** PROVIDED MATERIAL follows **

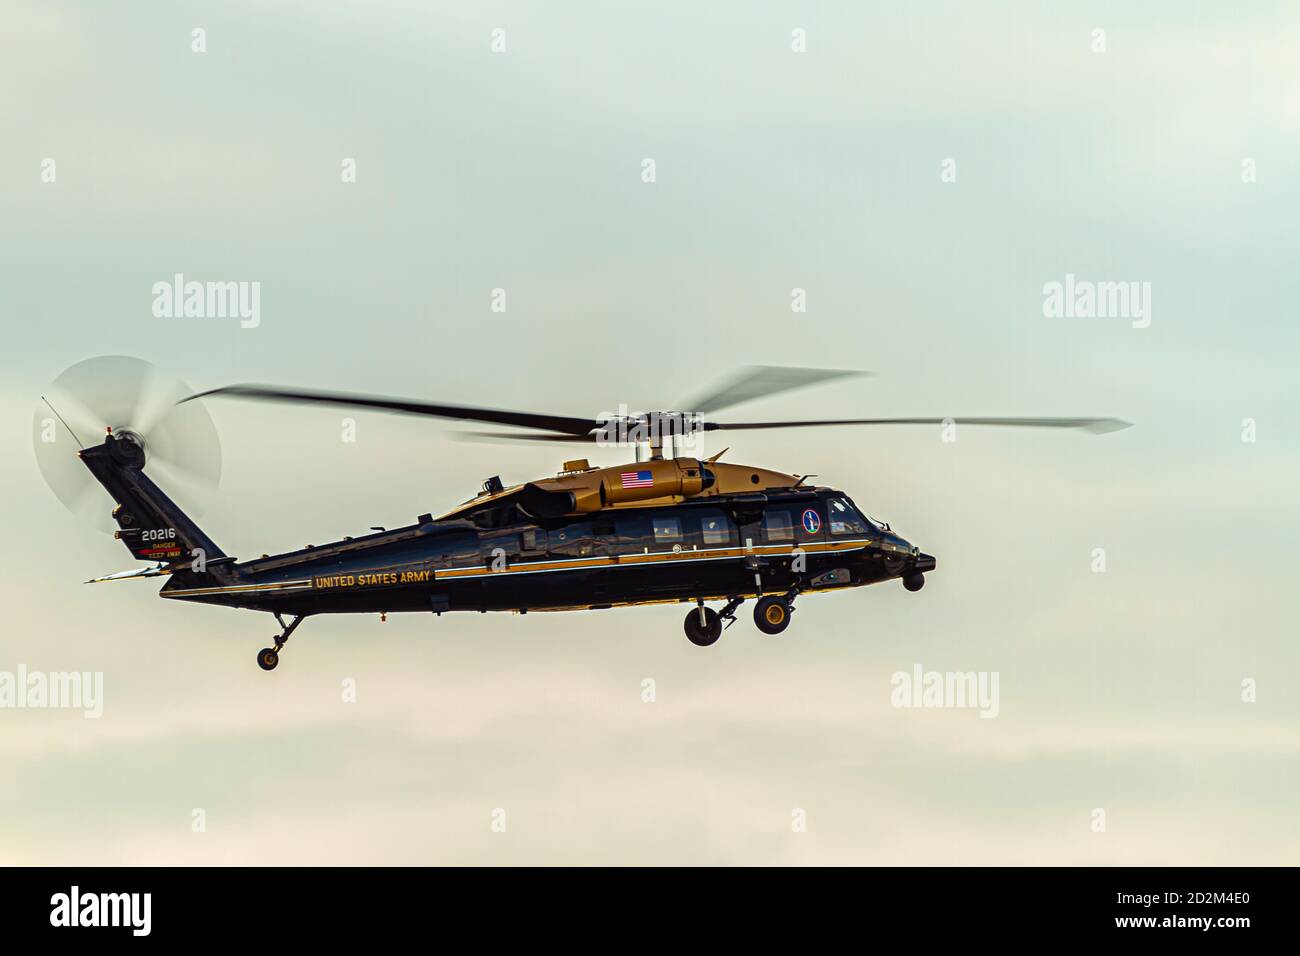 Washington DC, USA 10/03/2020: Un Sikorsky VH-60M Golden TOP Black Hawk (aggiornato UH-60M) elicottero a quattro pale appartenente all'esercito degli Stati Uniti è in t Foto Stock
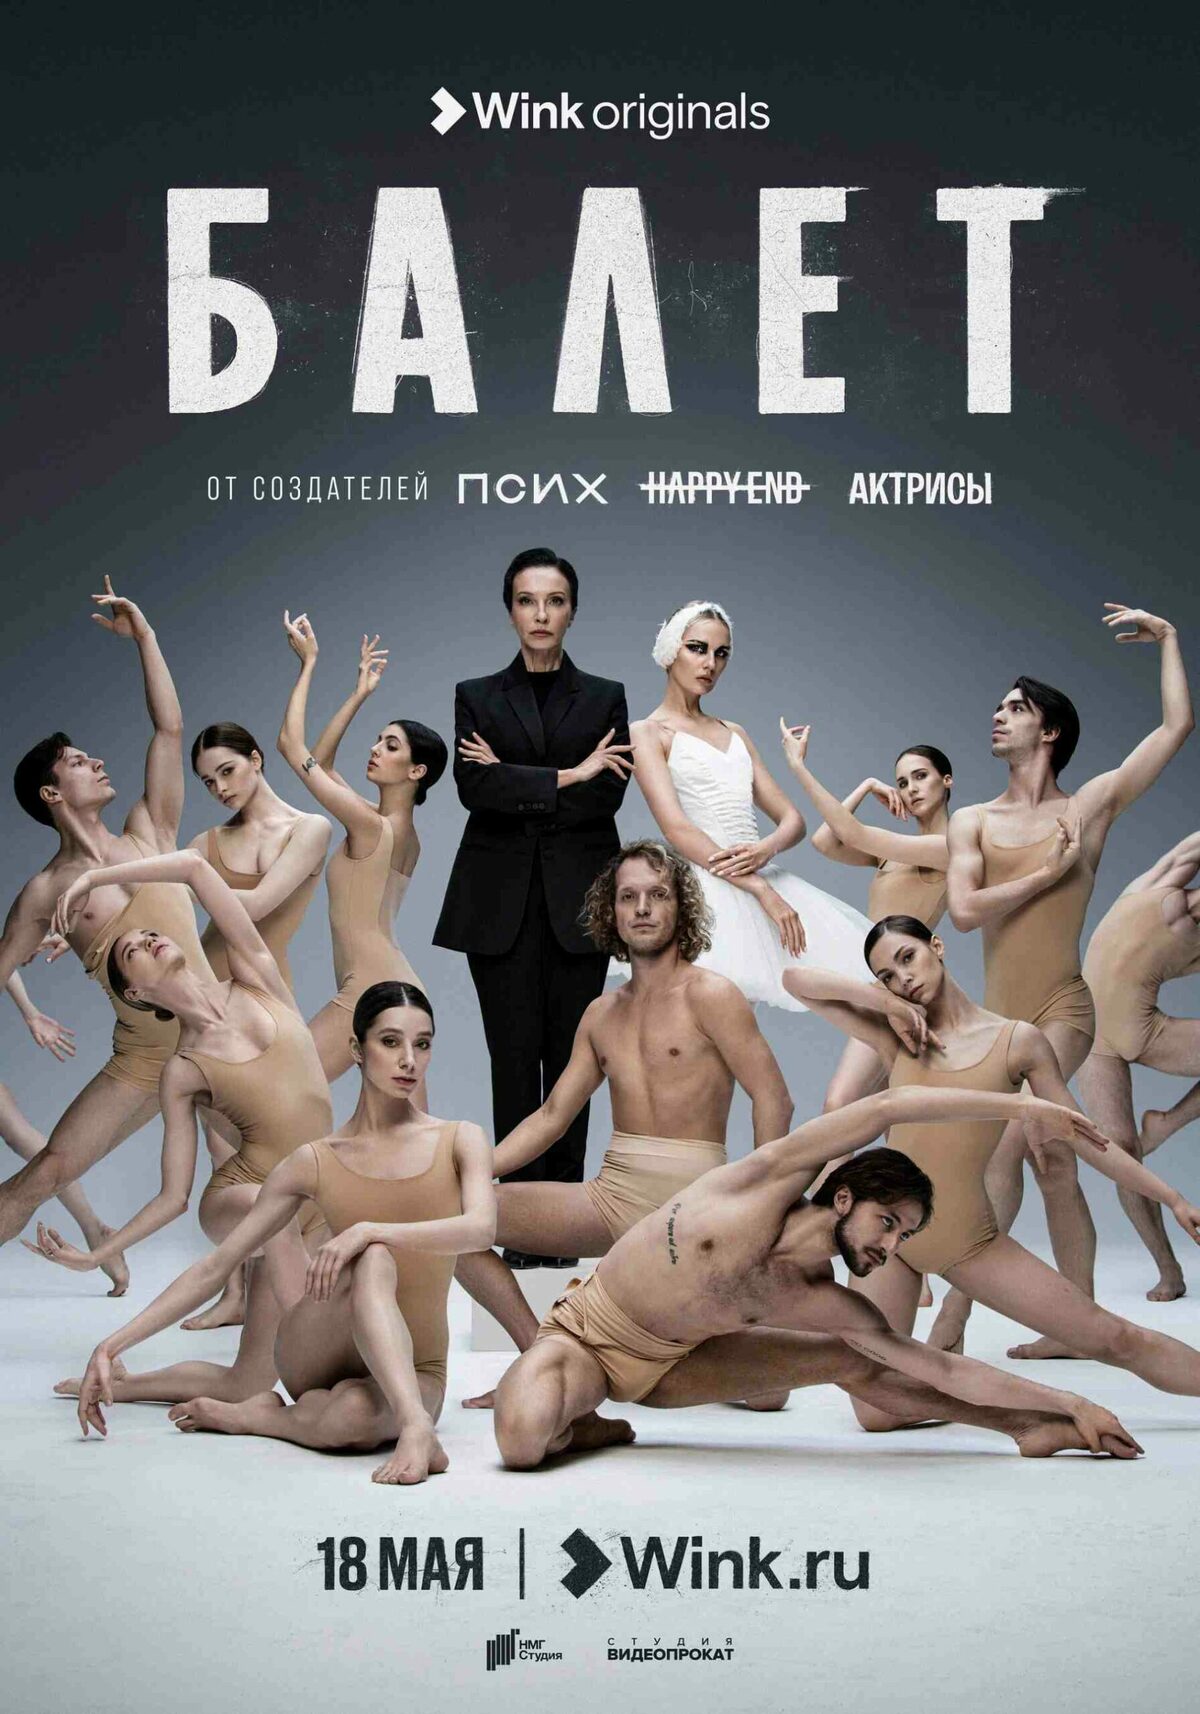 Очередной закулисный сериал «Балет»: какие на этот раз истории в кулуарах театра, и почему опыт прошлых шоу создателей так важен?
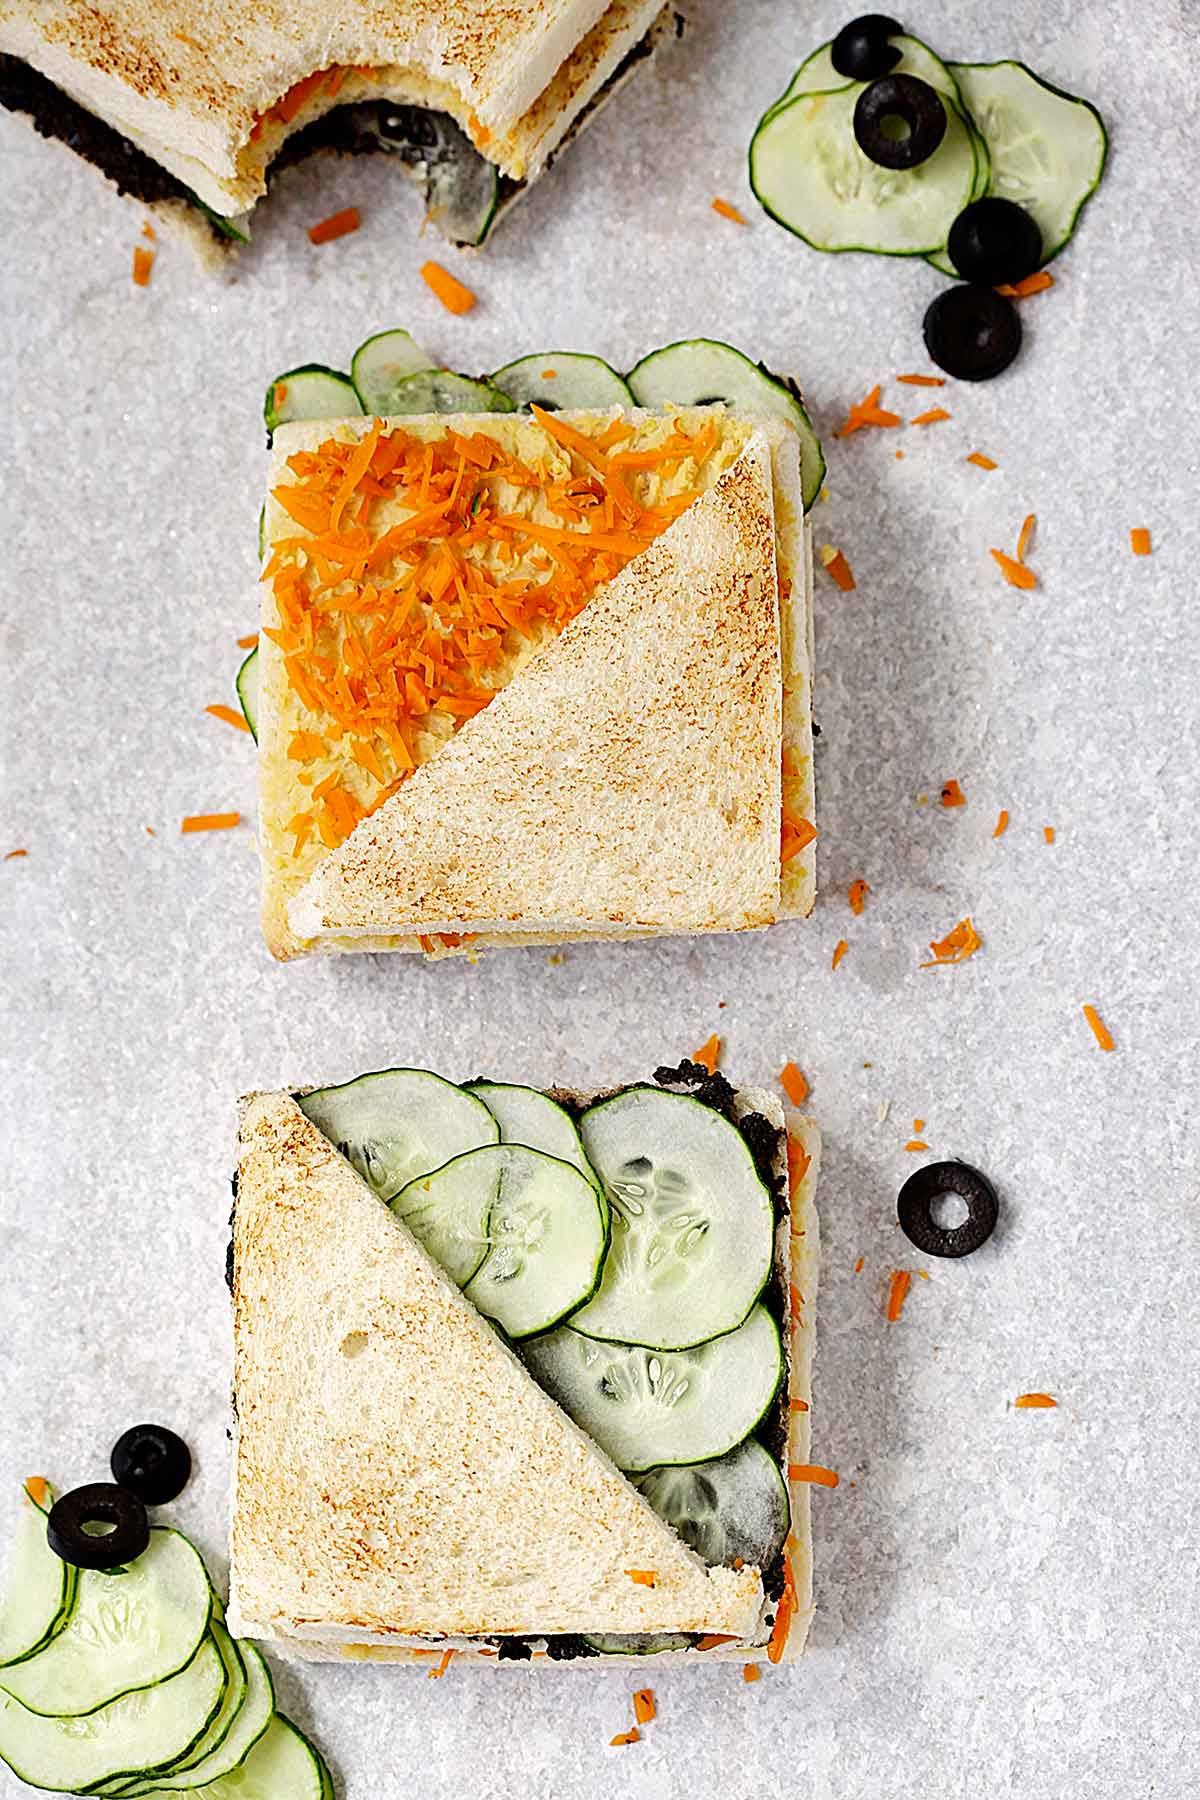 Pan de molde REBANADA GRANDE para sandwiches y tostadas- Receta ¡FÁCIL y  SANA! 100% vegano y SIN AMASAR
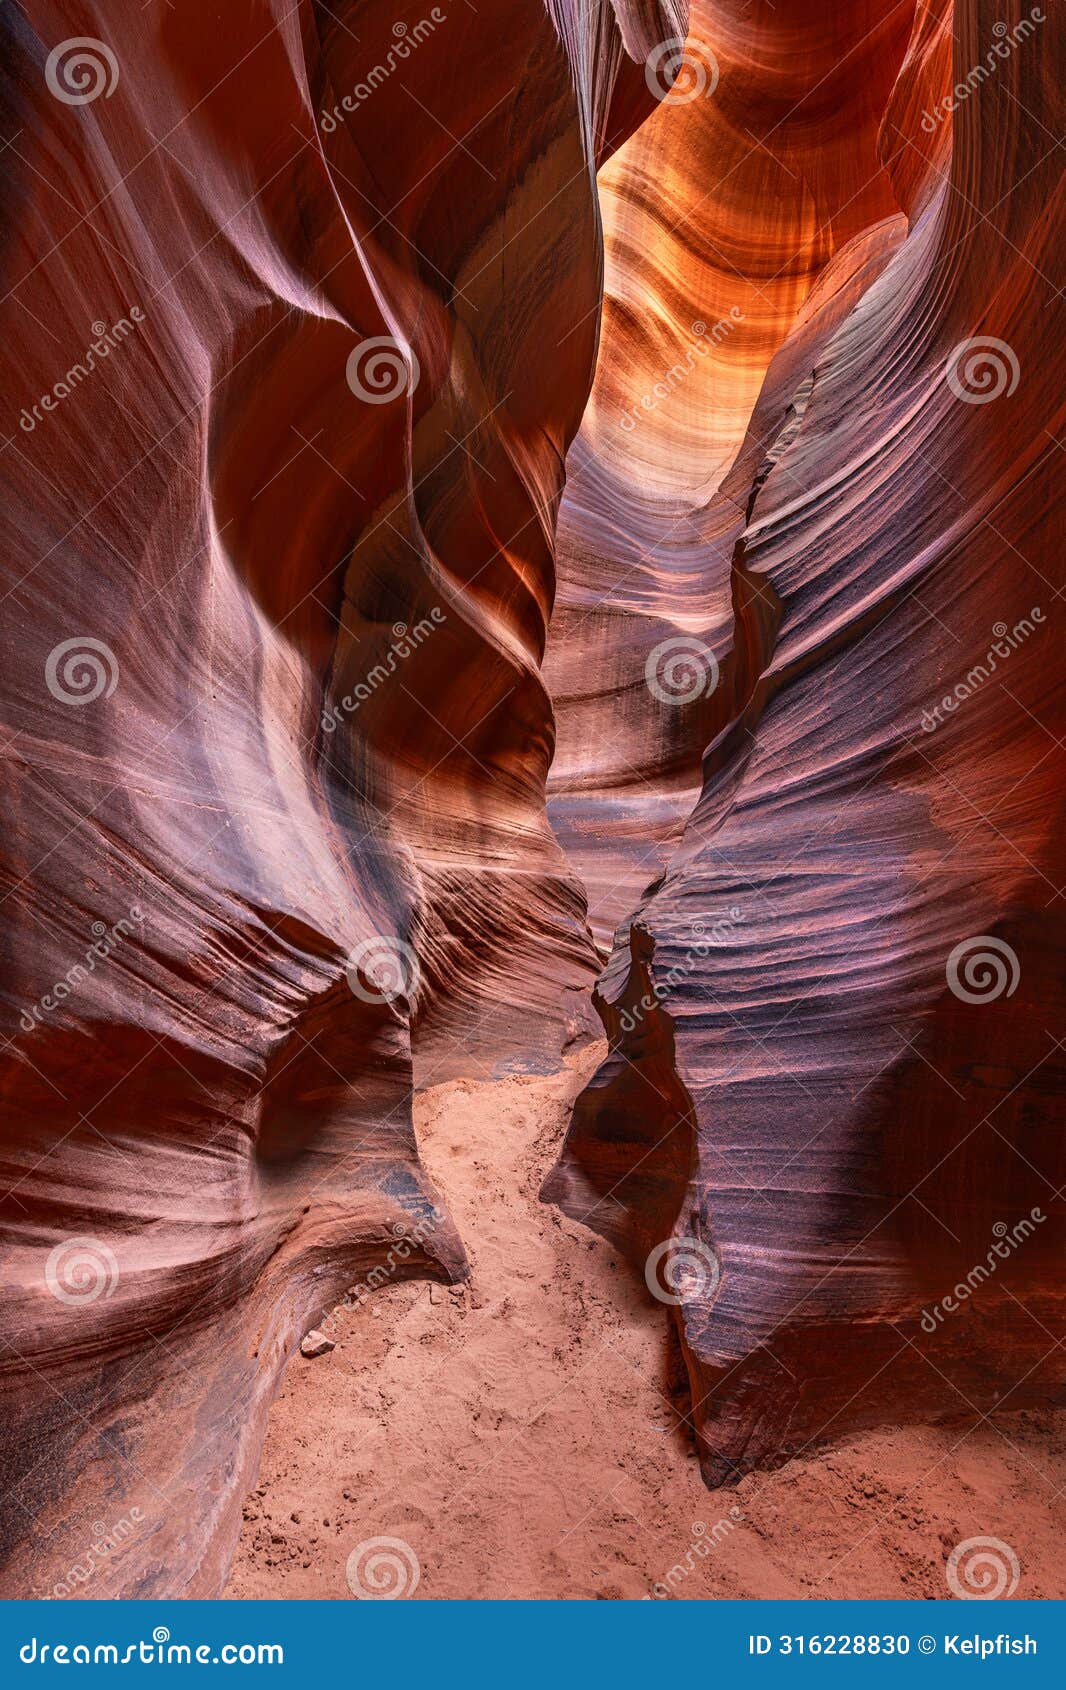 cardiac slot canyonin arizona

** End of PROVIDED MATERIAL **

* **BRIEF**
The lines to repeat run from the line containing "Pan de molde" through the last line of the material above; give them exactly, without the pictures.

* **RESPONSE AREA**
 Pan de molde REBANADA GRANDE para sandwiches y tostadas- Receta ¡FÁCIL y  SANA! 100% vegano y SIN AMASAR
 cardiac slot canyonin arizona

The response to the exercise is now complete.